Multiscale simulations reveal the driving forces underlying V337M-induced tau core fragment aggregation

Abstract

Pathogenic microtubule-associated protein tau (MAPT) mutations play an important role in tauopathies by altering tau assembly and early aggregation. The V337M mutation, located within the aggregation-prone PHF6** motif of tau, is known to accelerate tau assembly, while its molecular mechanism is unclear. Here, we employ multiscale molecular dynamics simulations, combining replica-exchange, conventional and coarse-grained approaches, to elucidate how the V337M mutation reshapes the conformational ensemble and aggregation behavior of PHF6** peptides. Replica-exchange molecular dynamics simulations demonstrate that the V337M mutation enhances the β-structure and shifts PHF6** oligomers toward more compact aggregates. Interaction analyses show that the V337M mutation facilitates the formation of hydrogen bonds and salt-bridges and strengthens the residue–residue association, with the most pronounced enhancements involving residue 337 and its neighboring residues. Conventional molecular dynamics simulations reveal that the V337M mutation promotes persistent oligomerization and stabilizes β-sheet assemblies in larger PHF6** systems.

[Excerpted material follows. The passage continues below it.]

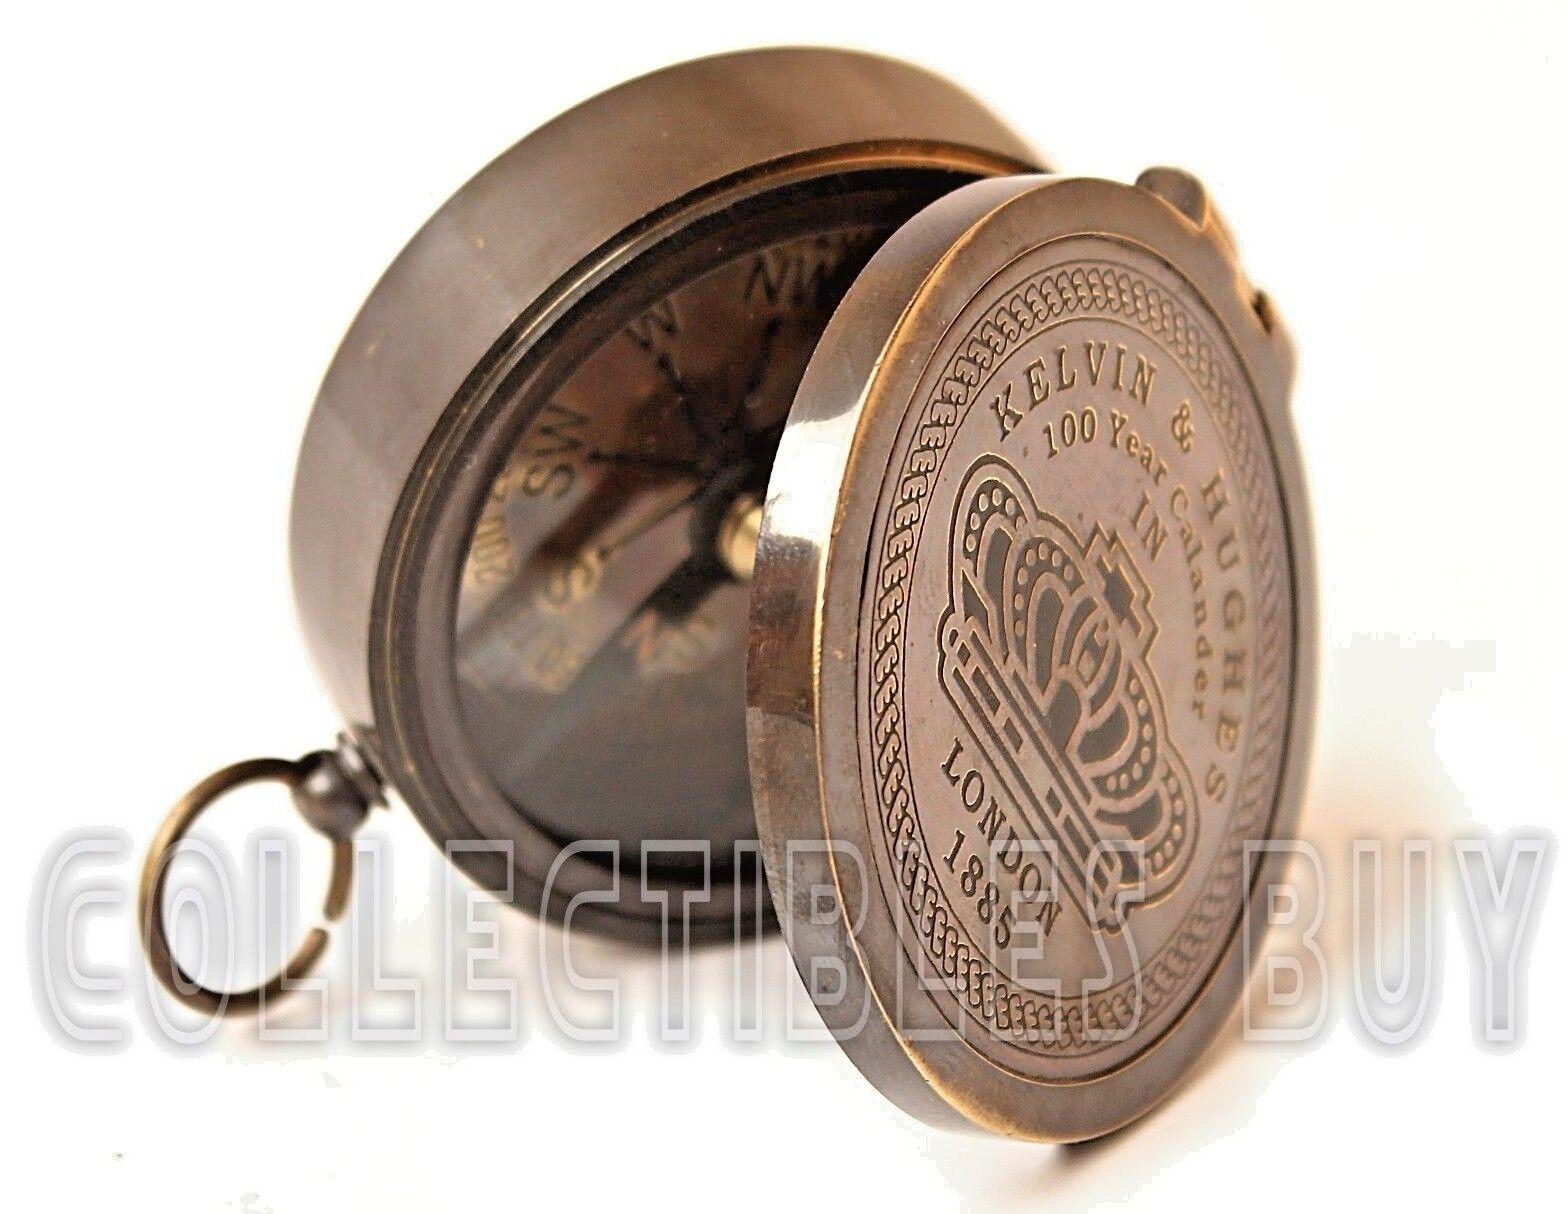 Vintage Kelvin & Hughes Compass 100 Years Calendar Antique Pocket Navigation
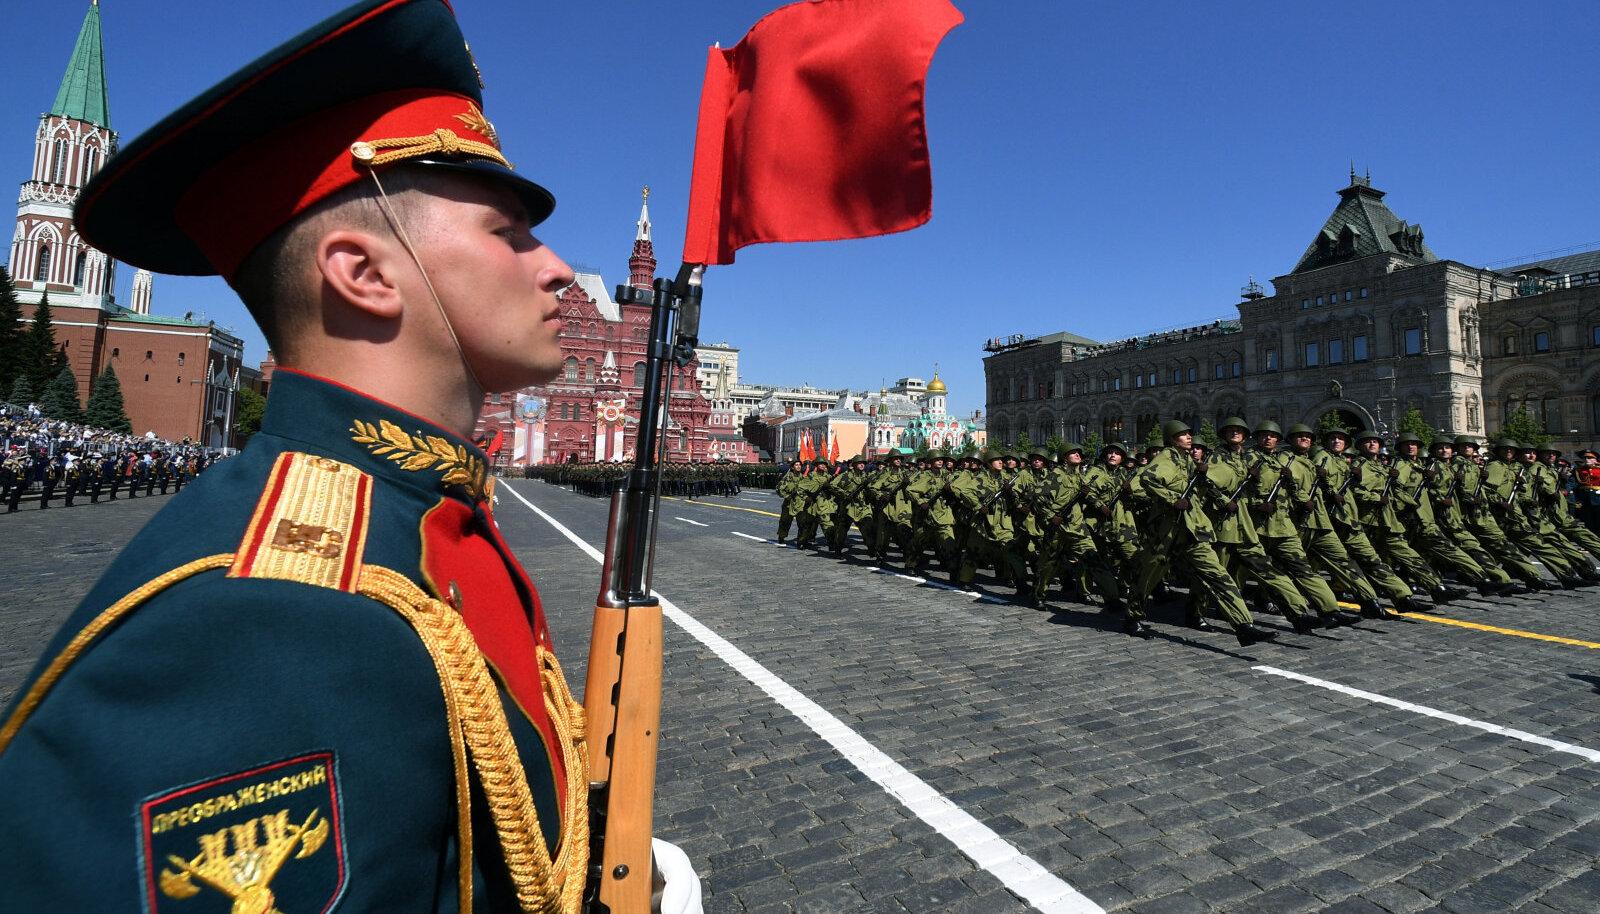 Nn Putini võiduparaad 24. juunil 2020 Moskvas

Coarse-grained simulations establish that β-structure formation is a prerequisite for PHF6** oligomerization and the V337M mutation stabilizes interpeptide association, leading to earlier oligomer formation and more extensively interconnected oligomers. This study provides mechanistic insights into mutation-enhanced tau oligomerization, which may be helpful for an in-depth understanding of the pathogenesis of mutation-linked tauopathies.